Kuba: Ausbürgerung von regimekritischen Künstlern und Intellektuellen

Das kubanische Regime greift immer wieder zum Mittel der Ausbürgerung um sich unbequemer Bürgerrechtler und Aktivisten zu entledigen. In der letzten Zeit ereilte dieses Schicksal unter anderem den Künstler Hamlet Lavastida und den Dramaturgen Yunior Garcia. Beide leben nun im Exil in Europa. Jüngstes Opfer ist die Aktivistin Anamely Ramos. Als sie Mitte Februar von ihrer Gastprofessur in Mexiko nach Kuba zurückkehren wollte, wurde ihr am Flughafen von Miami das Einsteigen in die Maschine nach Havanna verweigert.

Obwohl Anamely kubanische Staatsbürgerin ist, hat das Regime ein Einreiseverbot verhängt und der Fluggesellschaft ein Beförderungsverbot erteilt. Dies ist ein klarer Verstoß gegen Artikel 13 der Allgemeinen Erklärung der Menschenrechte, wonach jeder Mensch das Recht hat in sein Heimatland zurückzukehren.
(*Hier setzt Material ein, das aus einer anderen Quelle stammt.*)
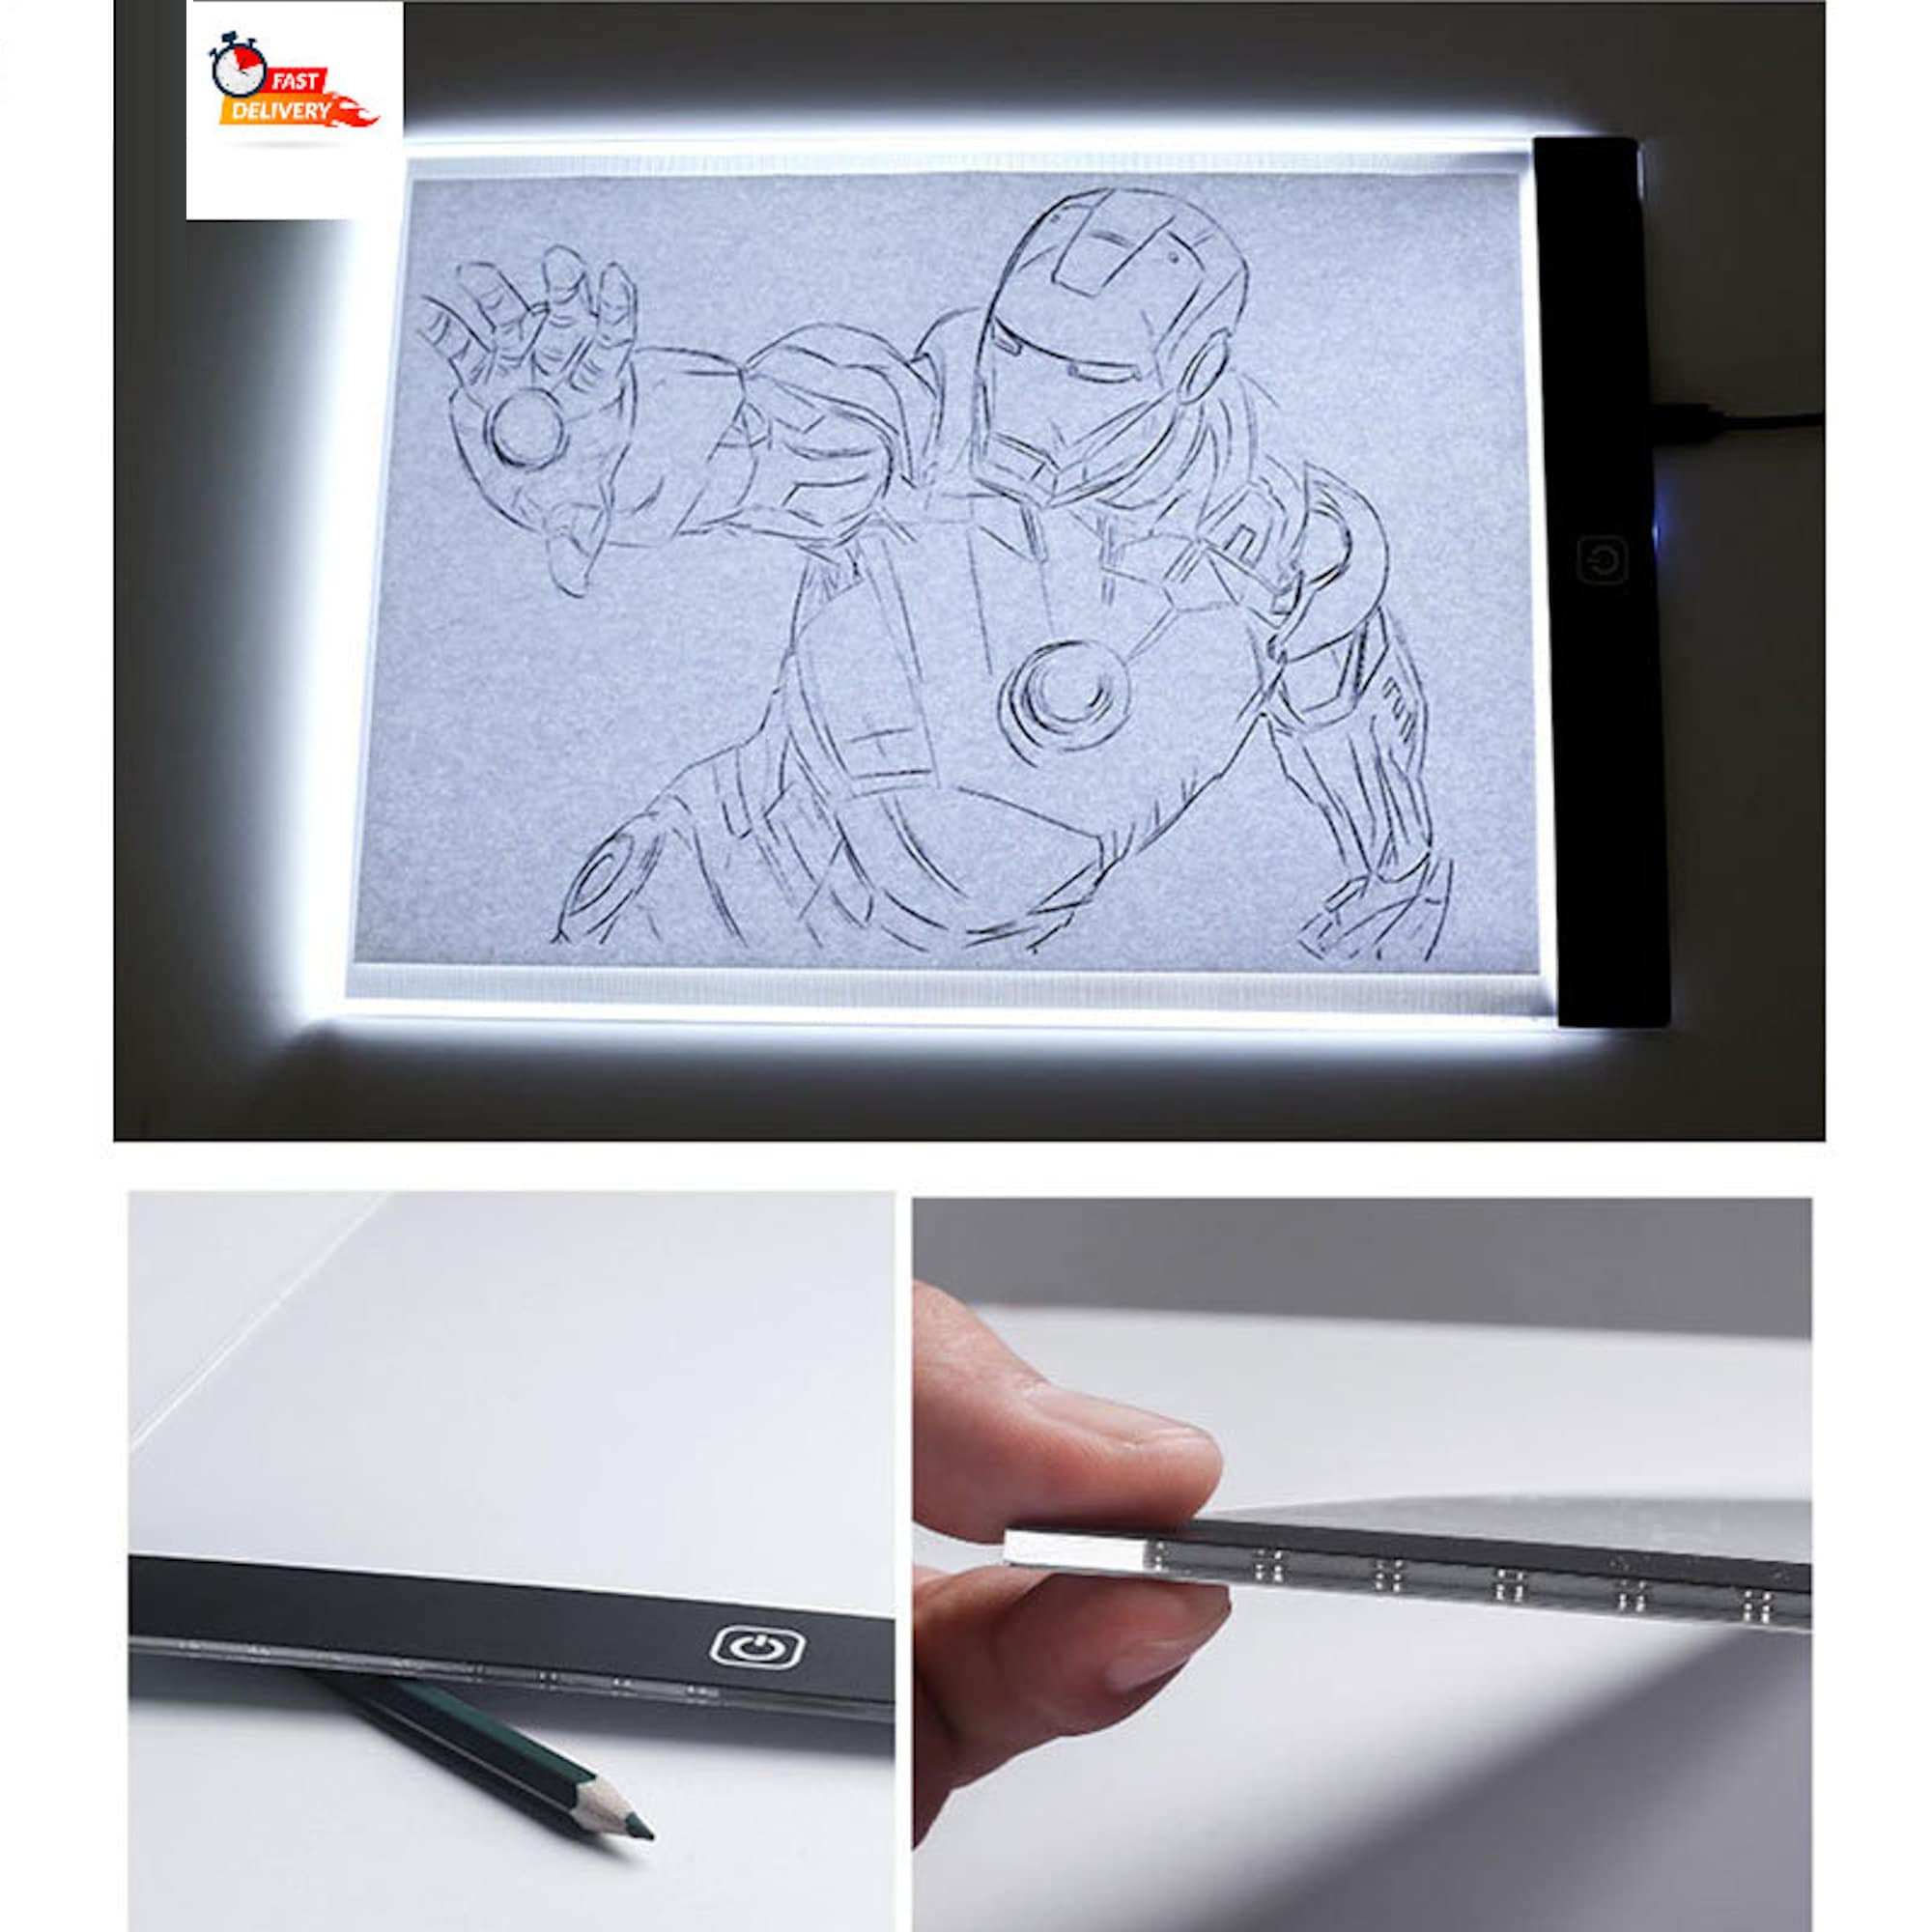 A4 Light Box for Tracing lightbox Tracer Light Board for Diamond Painting Art Ultra Thin Light Pad for Drawing Sketching Animation Stencilling with 2 Magnetic Pins 2nd GEN Light pad-A4M

Aus diesem Anlass hat der oppositionelle kubanische Schriftsteller Jorge Angel Perez einen Essay geschrieben.       Fernando Rivas

Die Rückkehr ins Heimatland ist eine Rückkehr zum Herzen

Von Jorge Angel Perez, Havanna

Eine Veneninsuffizienz kann ein schreckliches, sogar tödliches Übel sein. Das Blut muss immer wieder zum Herzen zurückkehren, sogar stärker als das Wasser zur Erde, um dann wieder hinausgepumpt zu werden. Dann tritt es erneut seine Reise zu jedem Winkel dieses Körpers an. Manchmal passiert es aber, dass die Venen ihre Elastizität verlieren, und dann kommt das Chaos. Denn das Blut unterliegt auch dem Gesetz der Schwerkraft, es staut und sammelt sich in den Beinen, die dann stark anschwellen. Es bilden sich starke Ödeme, was schrecklich und ungesund ist.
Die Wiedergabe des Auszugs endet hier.